▶ **Assignment**: Below are some entries. Transcribe the lines from the one holding "Los alumnos del" to the one holding "Lilokids 'Jelle' Spielbett", inclusive, but not the pictures among them.

▶ **Task data**:
··········
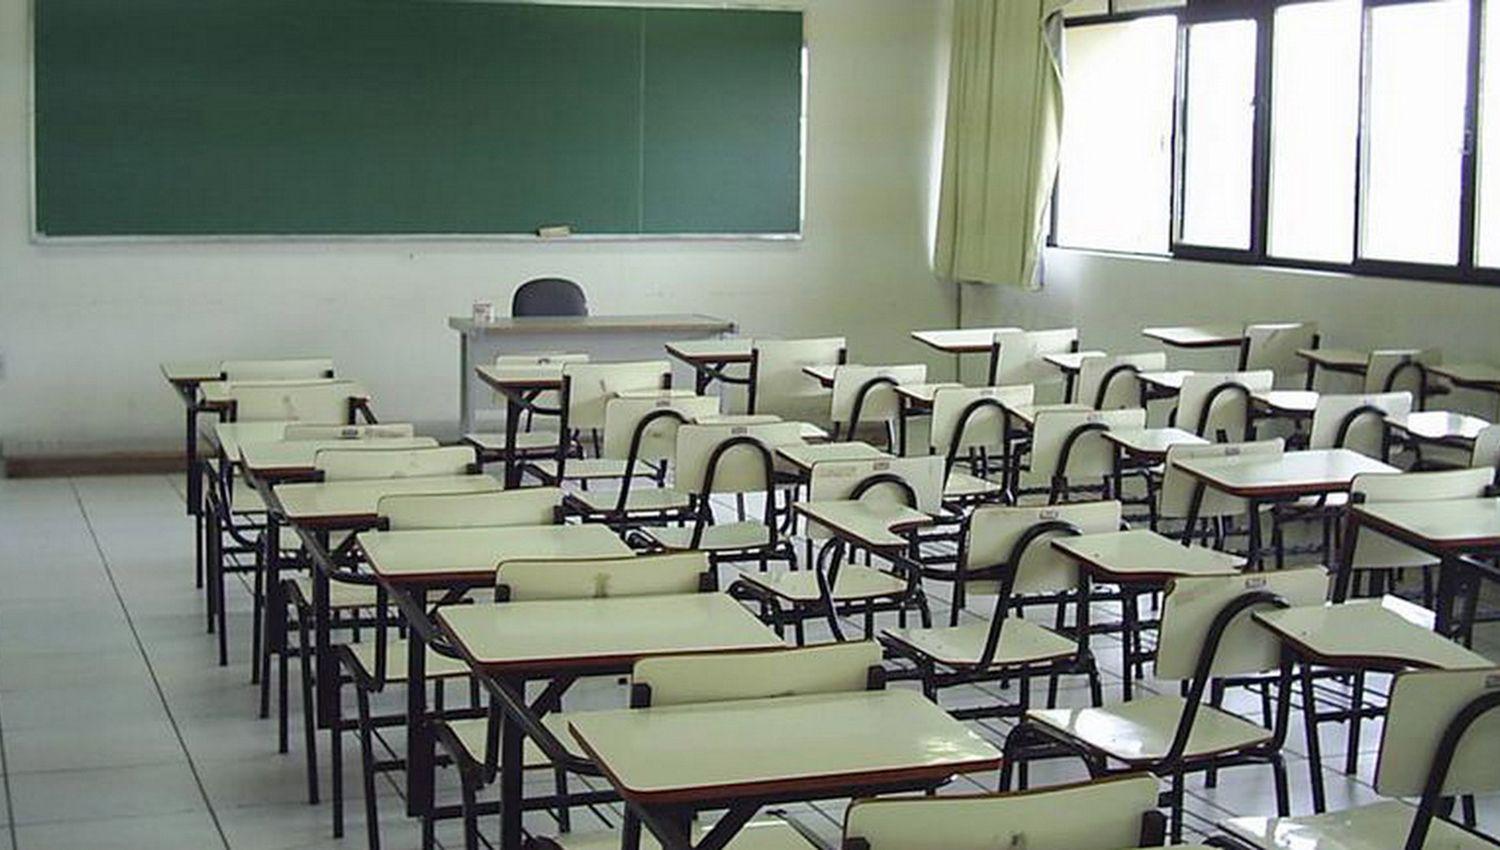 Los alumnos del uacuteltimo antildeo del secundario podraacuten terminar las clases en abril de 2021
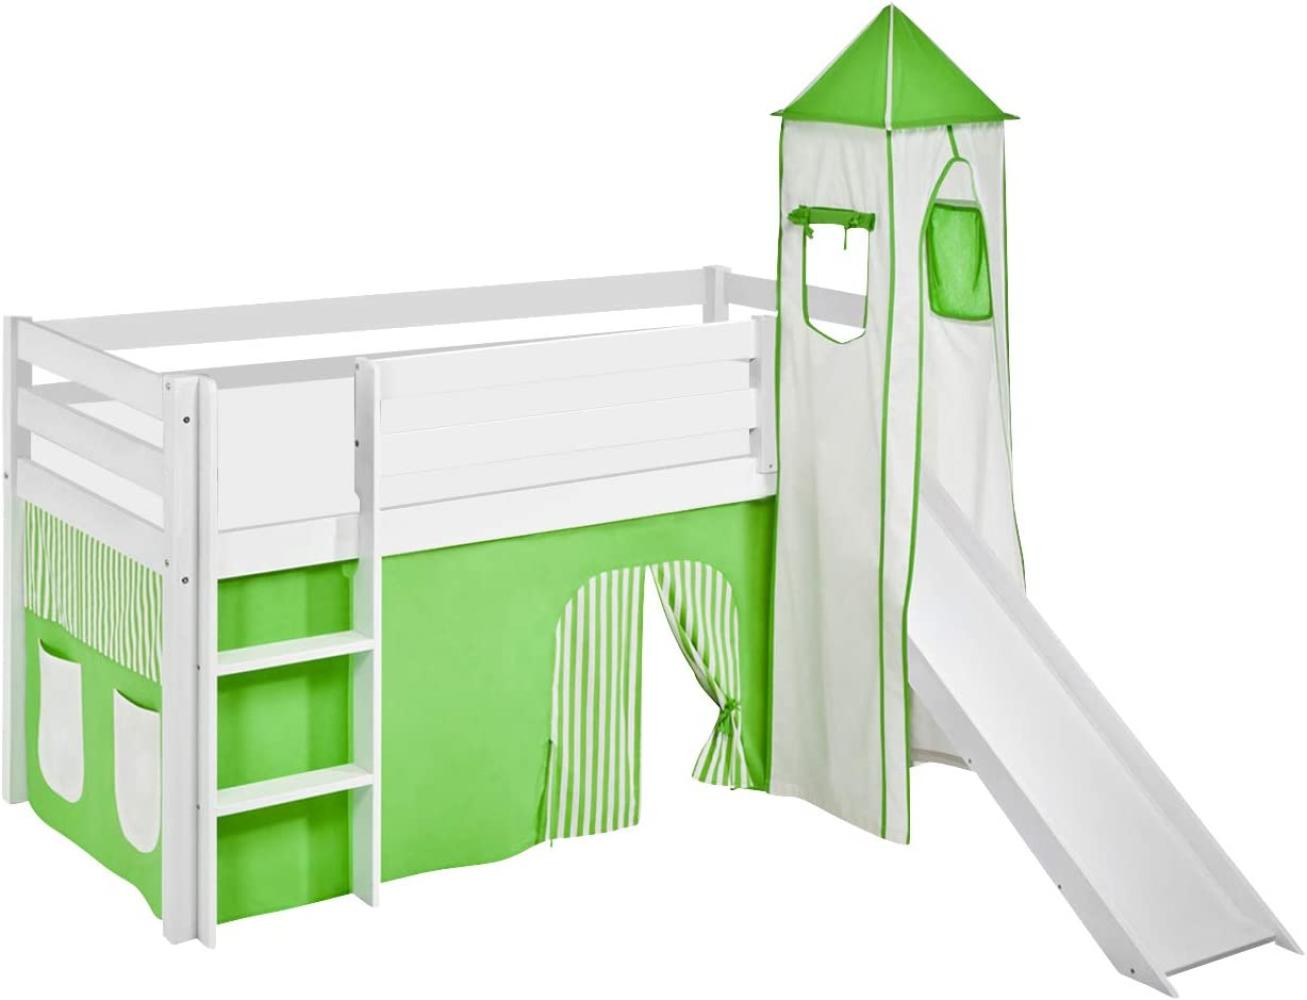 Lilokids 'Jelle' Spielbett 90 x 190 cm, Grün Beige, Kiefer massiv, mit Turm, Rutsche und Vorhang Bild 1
··········
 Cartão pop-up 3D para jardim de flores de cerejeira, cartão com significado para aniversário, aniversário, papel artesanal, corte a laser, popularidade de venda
··········
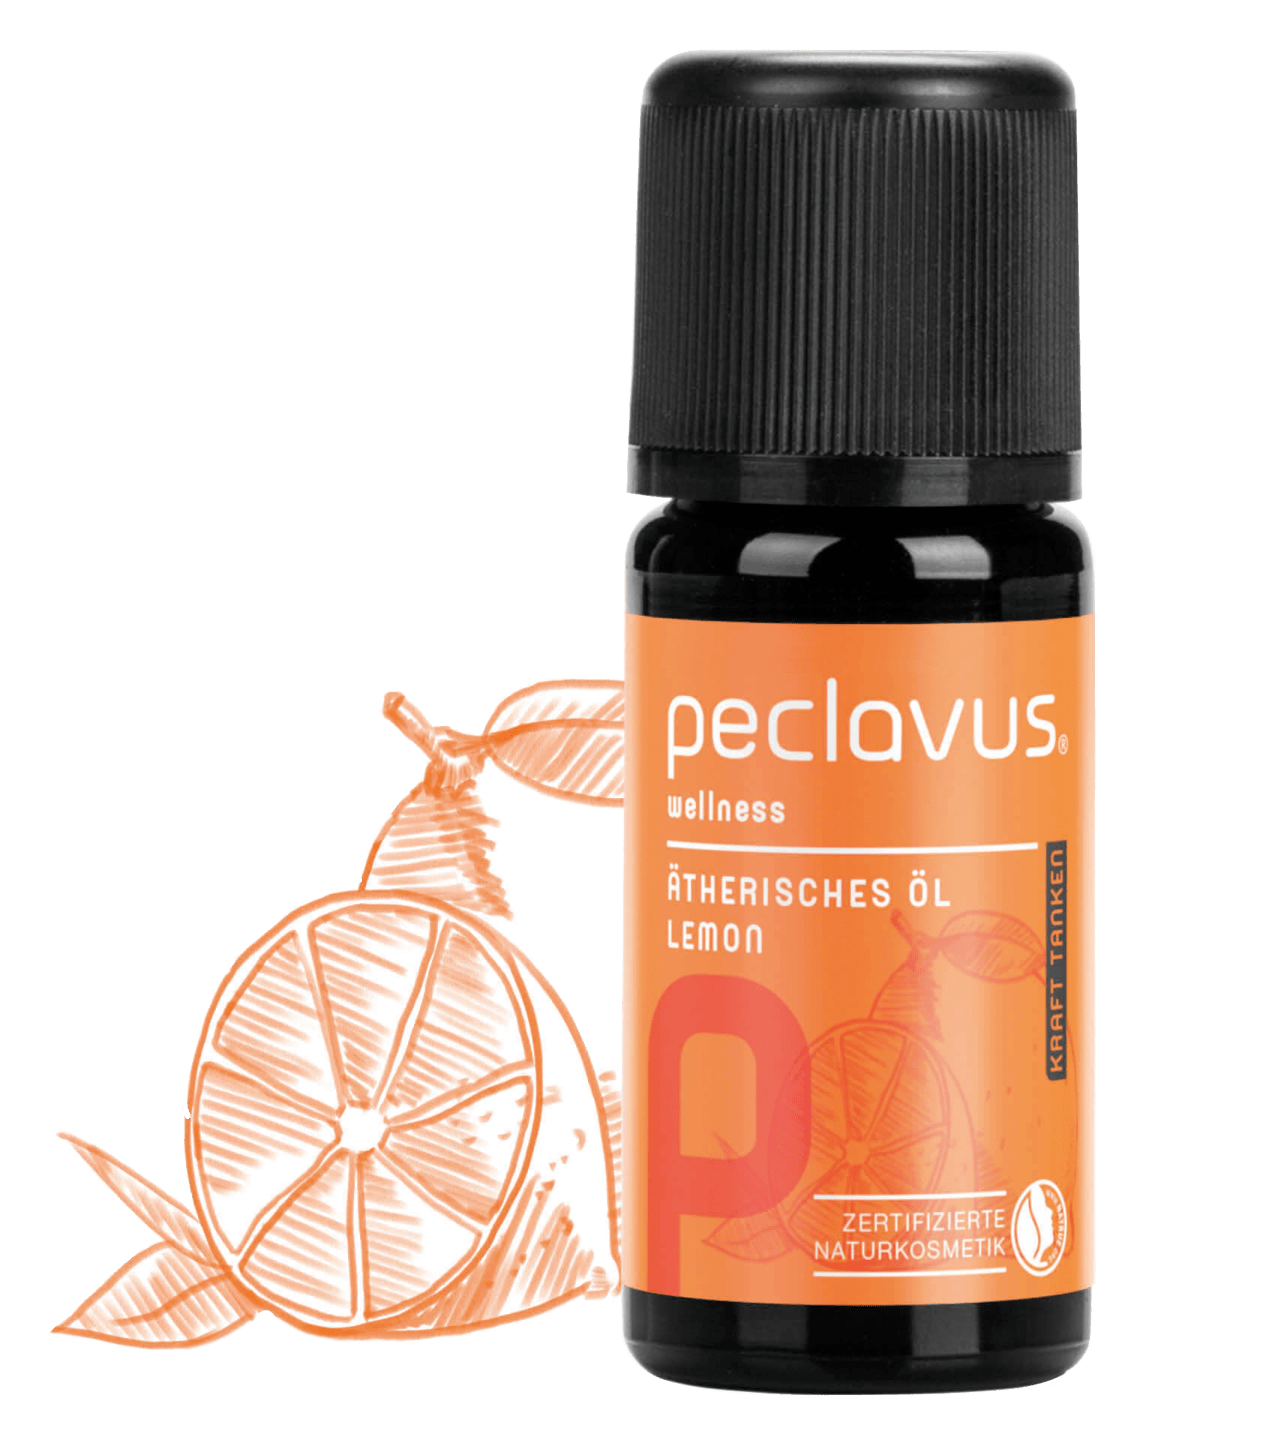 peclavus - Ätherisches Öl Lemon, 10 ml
··········
▶ **Task response**:
 Los alumnos del uacuteltimo antildeo del secundario podraacuten terminar las clases en abril de 2021
 Lilokids 'Jelle' Spielbett 90 x 190 cm, Grün Beige, Kiefer massiv, mit Turm, Rutsche und Vorhang Bild 1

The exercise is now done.